When someone has a good idea, and it works, there’s nothing wrong with doing the same thing. In fact, it might be one of the fastest routes to smart mobility.
It’s not the most romantic version of innovation, but when our cities are pressed for time in the fight against climate change, congestion, and safety, they’ll take any means to the right end. Taking strategies from other cities is a great way to take a step forward without the trial and error of so many progressive programs.
Amanda Daflos, CIO for the City of Los Angeles, said in Adaptable Cities: Tech & the Urban Evolution that some of LA’s best mobility initiatives were copied from other cities. Seeing a successful project play out elsewhere makes it easier to propose and execute on. And when you work with limited budgets, that proof of concept is valuable.
Jim McKelvy, co-founder of Square, similarly acknowledged this fact in How to Disrupt Billion Dollar Industries.

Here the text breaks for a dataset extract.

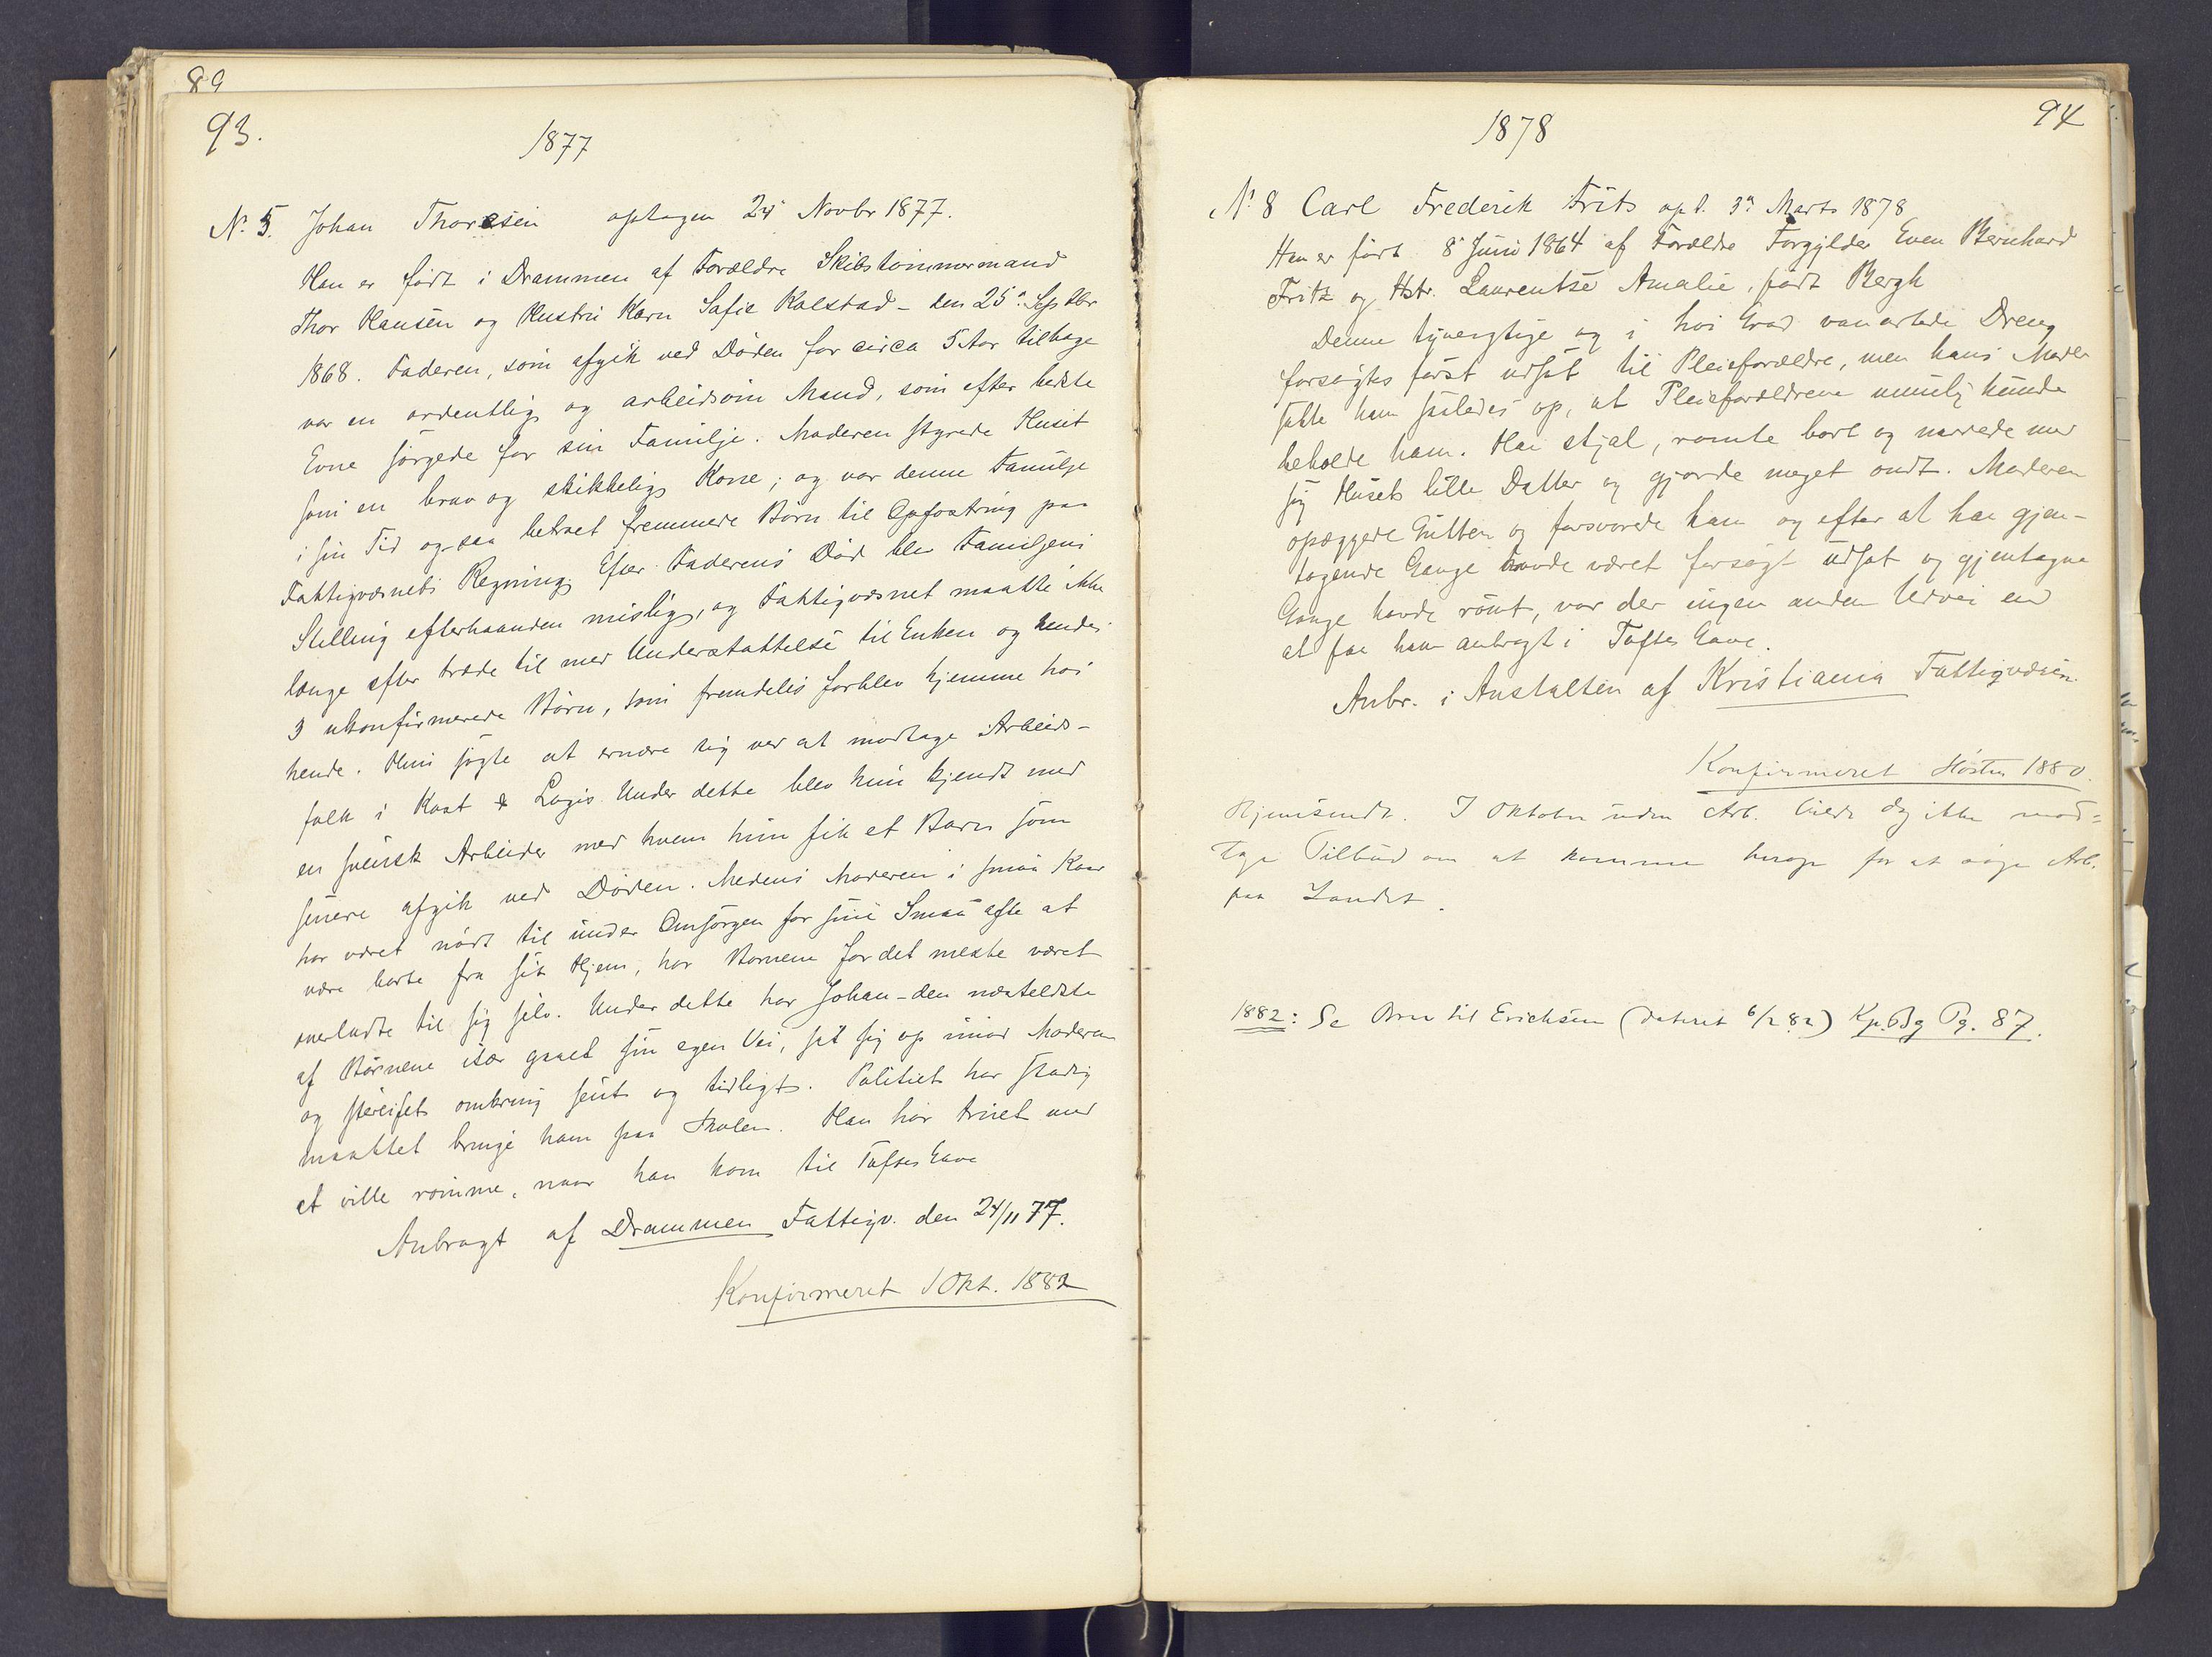 SAH, Toftes Gave, F/Fc/L0002: Elevprotokoll, 1870-1885, s. 93-94

Although it’s not the best way to disrupt an industry, copycats do surprisingly well for themselves, he admits, citing Burger King’s mimicry of McDonalds as an example. In the end, McKelvy’s winning equation is to look at the bottom third of an industry that’s possibly being underserved. But when it comes to less competitive forms of innovation, like municipal efforts, could copying be just what we need?
A conversation between Michigan mobility professionals, titled Building a Future Mobility Region, explored the functions and benefits of the new mobility corridor between Detroit and Ann Arbor and a new mobility innovation district in Corktown. Ford’s Carolina Pluszcynski, who serves as the development director for the Michigan Central Mobility Innovation District, sees the district as a place “where mobility innovators and disruptors from all over the world can come together…and collaborate openly, and be able to develop, test, and scale those solutions in real-world settings.”

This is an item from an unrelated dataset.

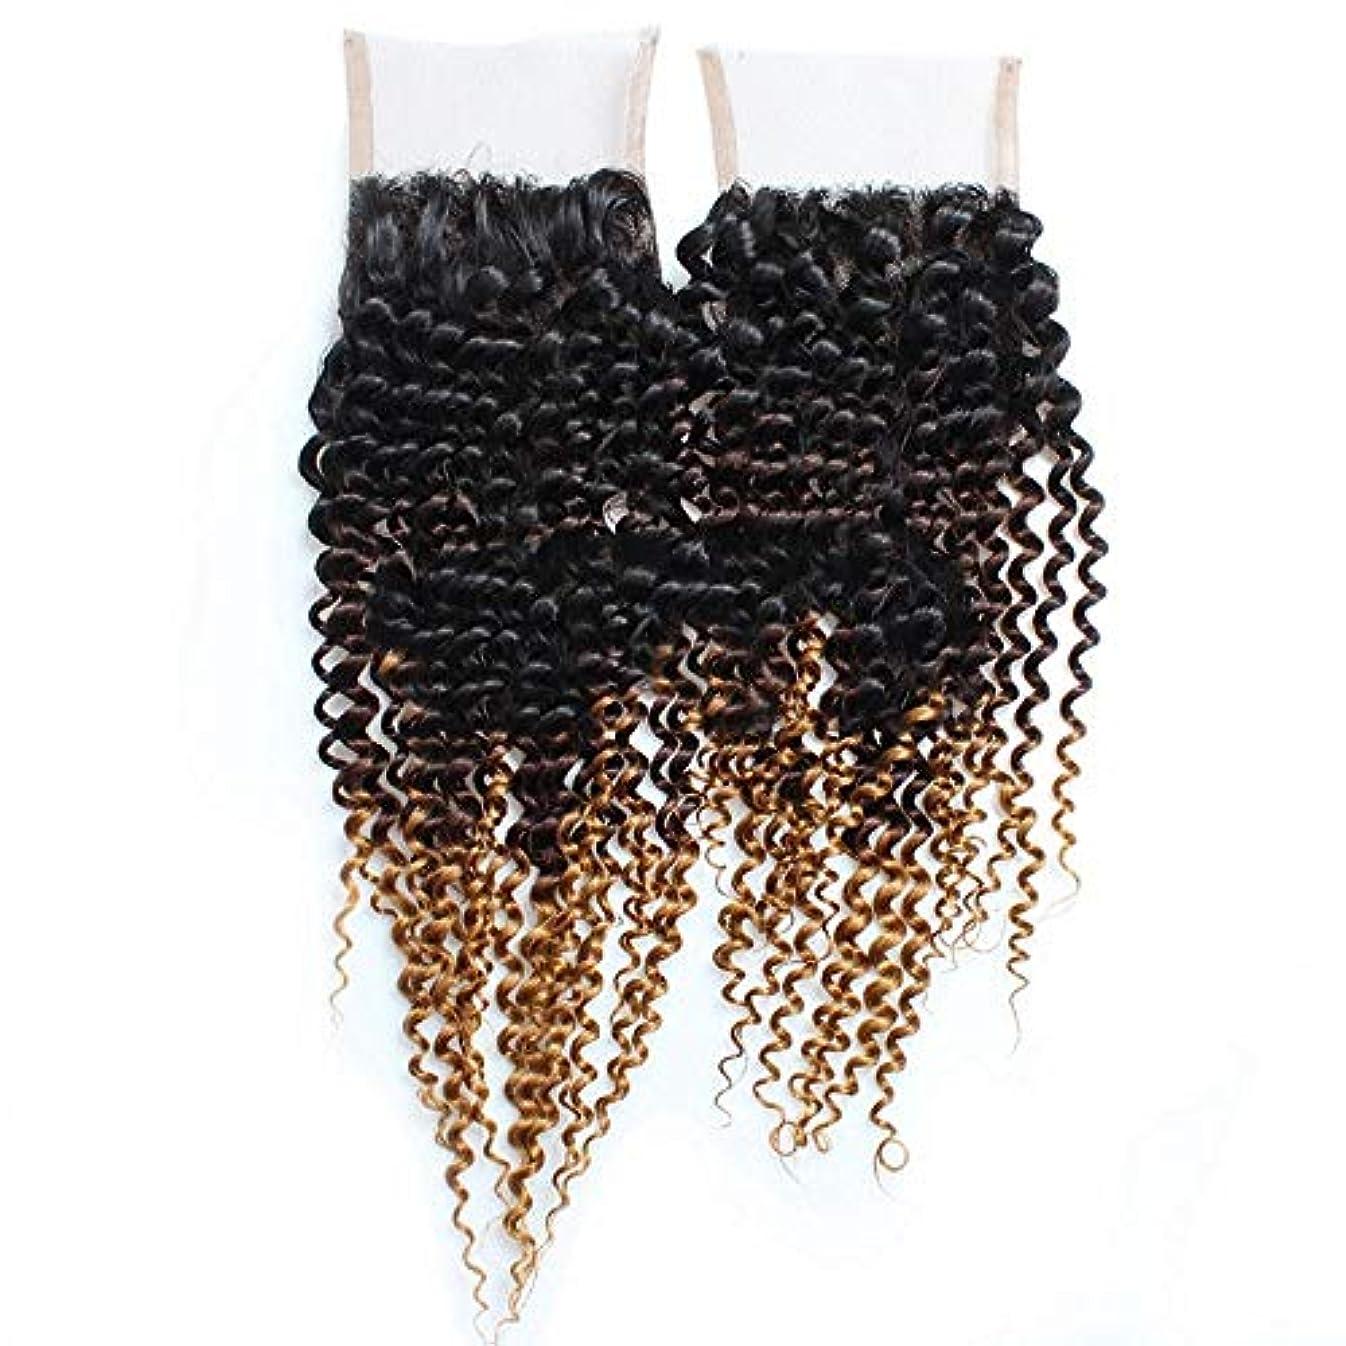 存在する経験的印象派WASAIO ブロンド色の人間の髪本能的ルック3トーンにブラウンの4倍の4レース正面閉鎖ブラック (色 : ブラウン, サイズ : 14 inch)

I can’t help but see what’s happening in Detroit as a sort of role model smart city for other places to look at and think “we can do that.”
Even Secretary of Transportation Pete Buttigieg spoke in his keynote presentation about the importance of international learnings and relationships, encouraging us “[not to] be too proud as a country to learn from what’s going on in other countries and cities when it comes to making good choices about transportation.”

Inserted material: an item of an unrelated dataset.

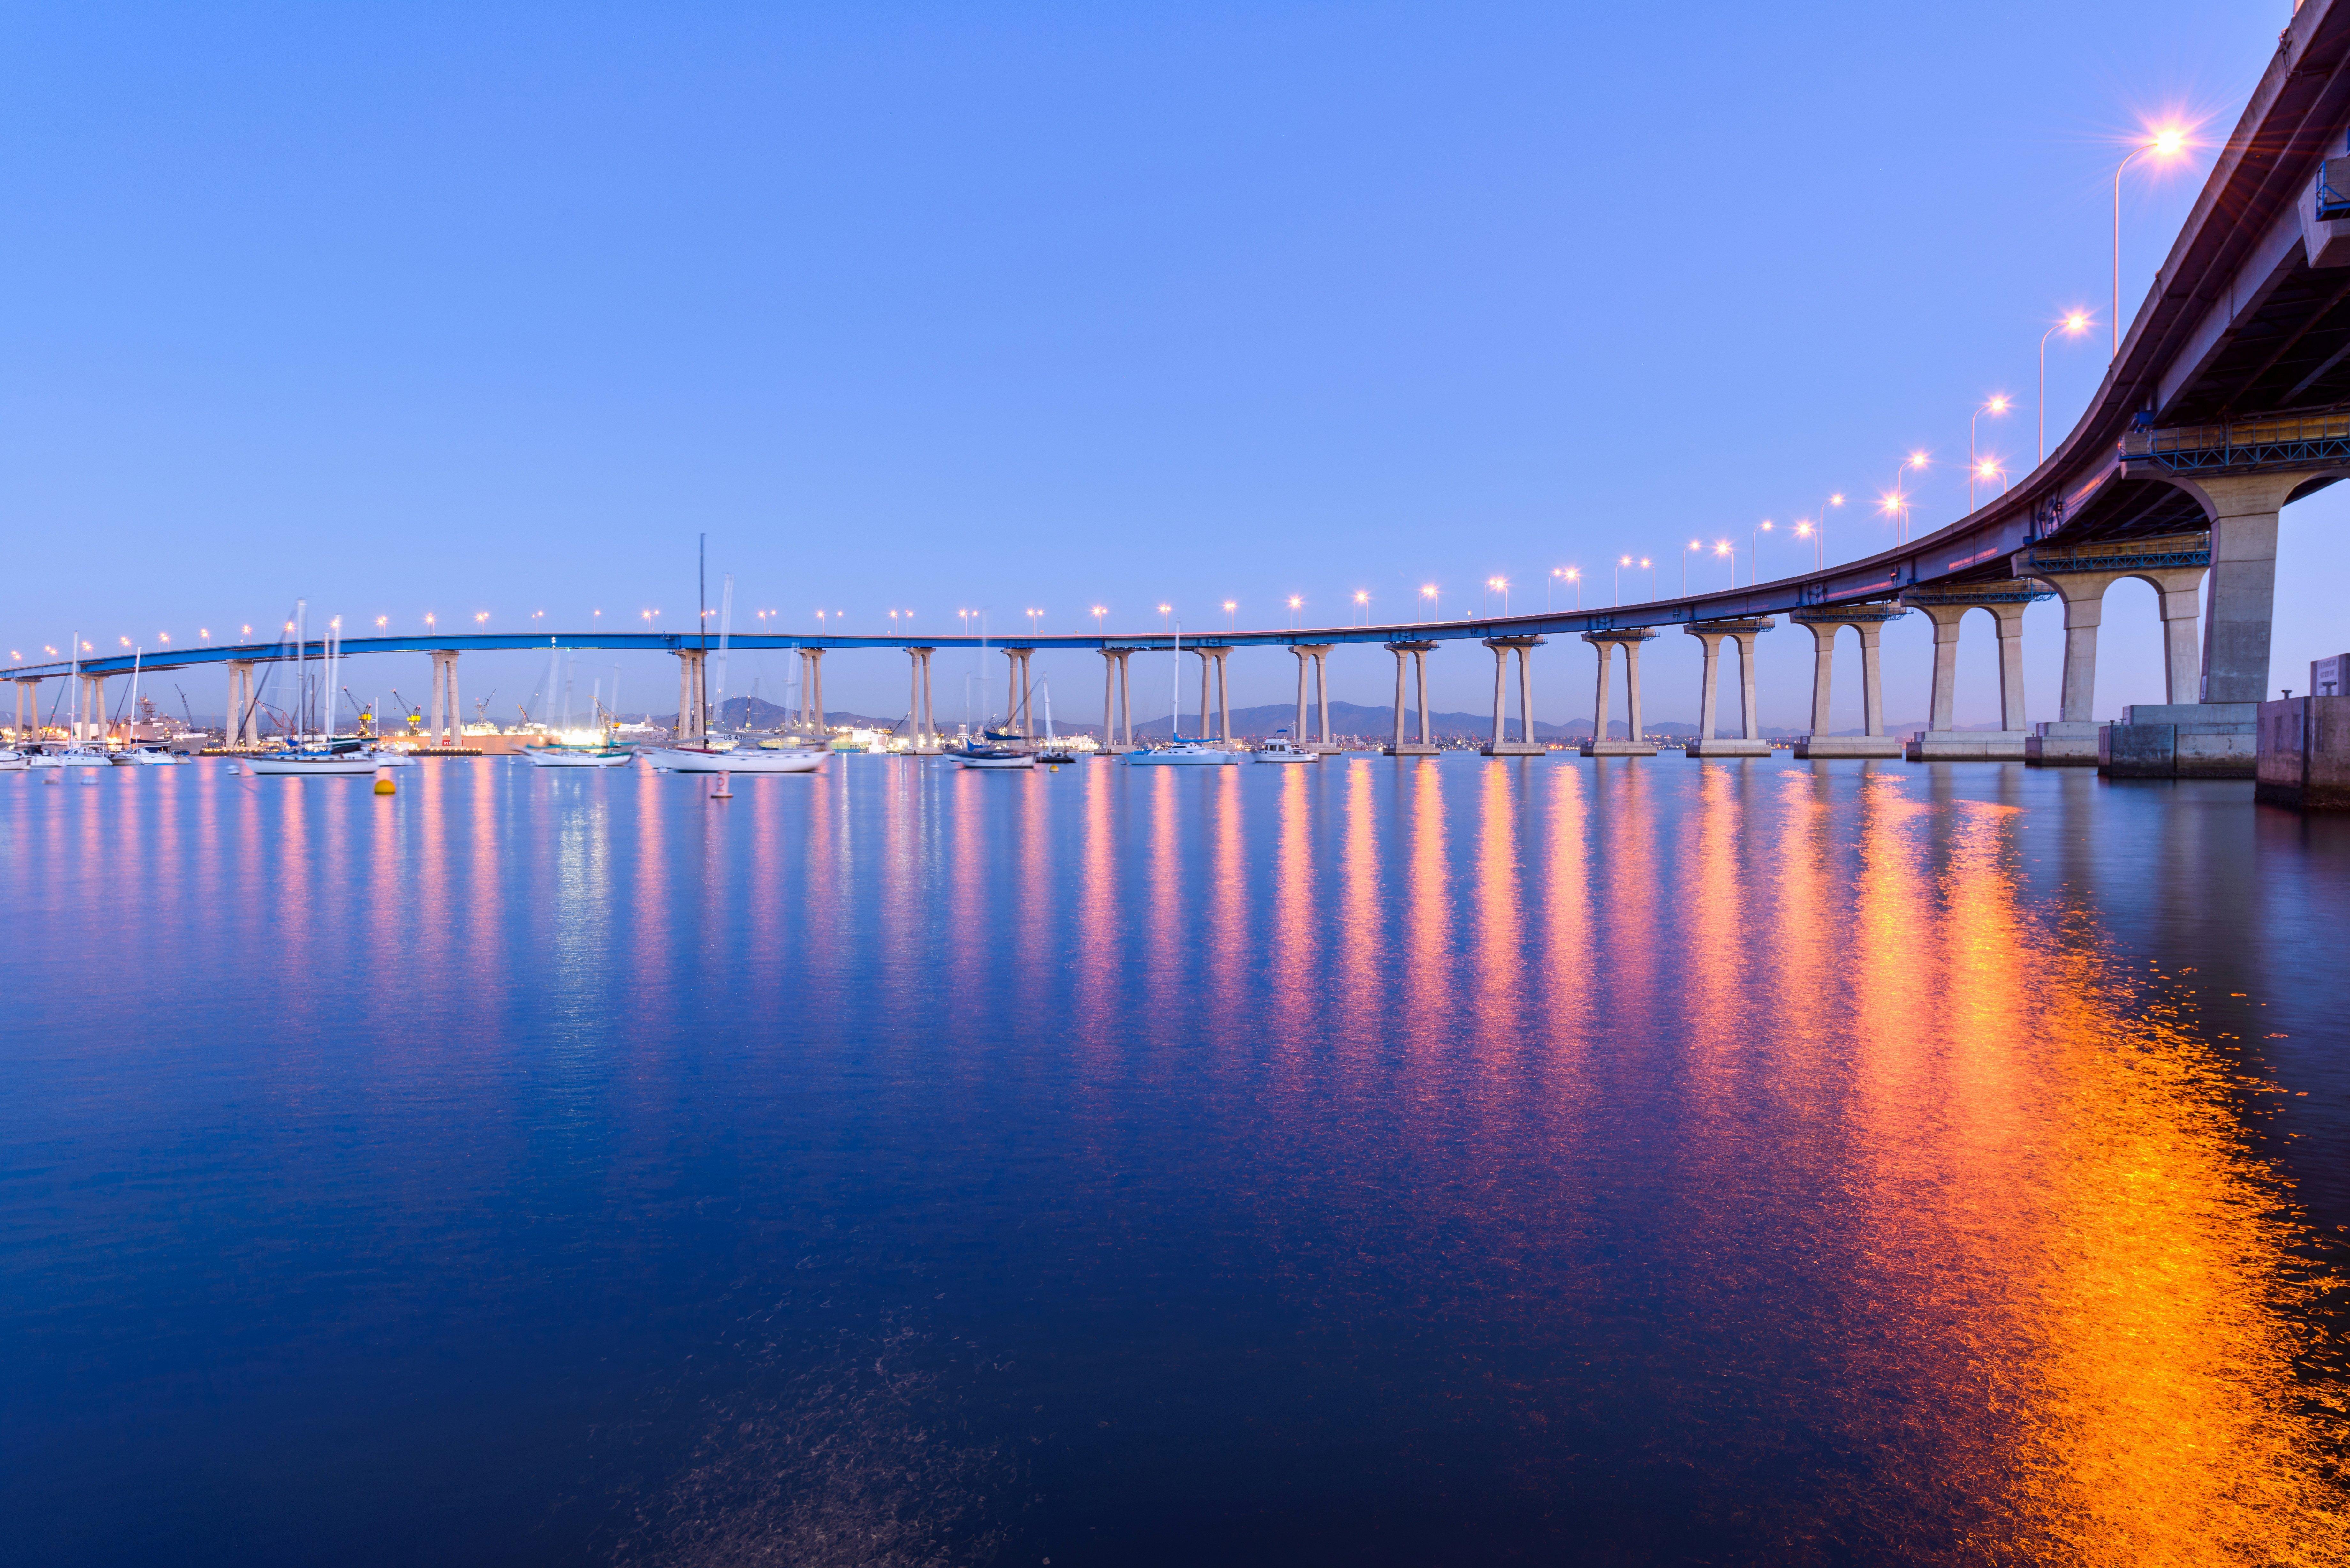 Una vista de la oscuridad del primer plano del puente de Coronado, que serpentea sobre la tranquila bahía de San Diego, en San Diego, California, EE. UU. Fuente: Shutterstock

What This Means for Parking
I think this is something that extends in the parking sector, too. We are all better off because of the collective progress we’ve made as an industry. That’s why we keep thanking those that challenge us applauding the successes of our customers. And hopefully our customers see each others’ successes and are able to copy new use cases and approaches to technology. Because when one of us wins, we all do.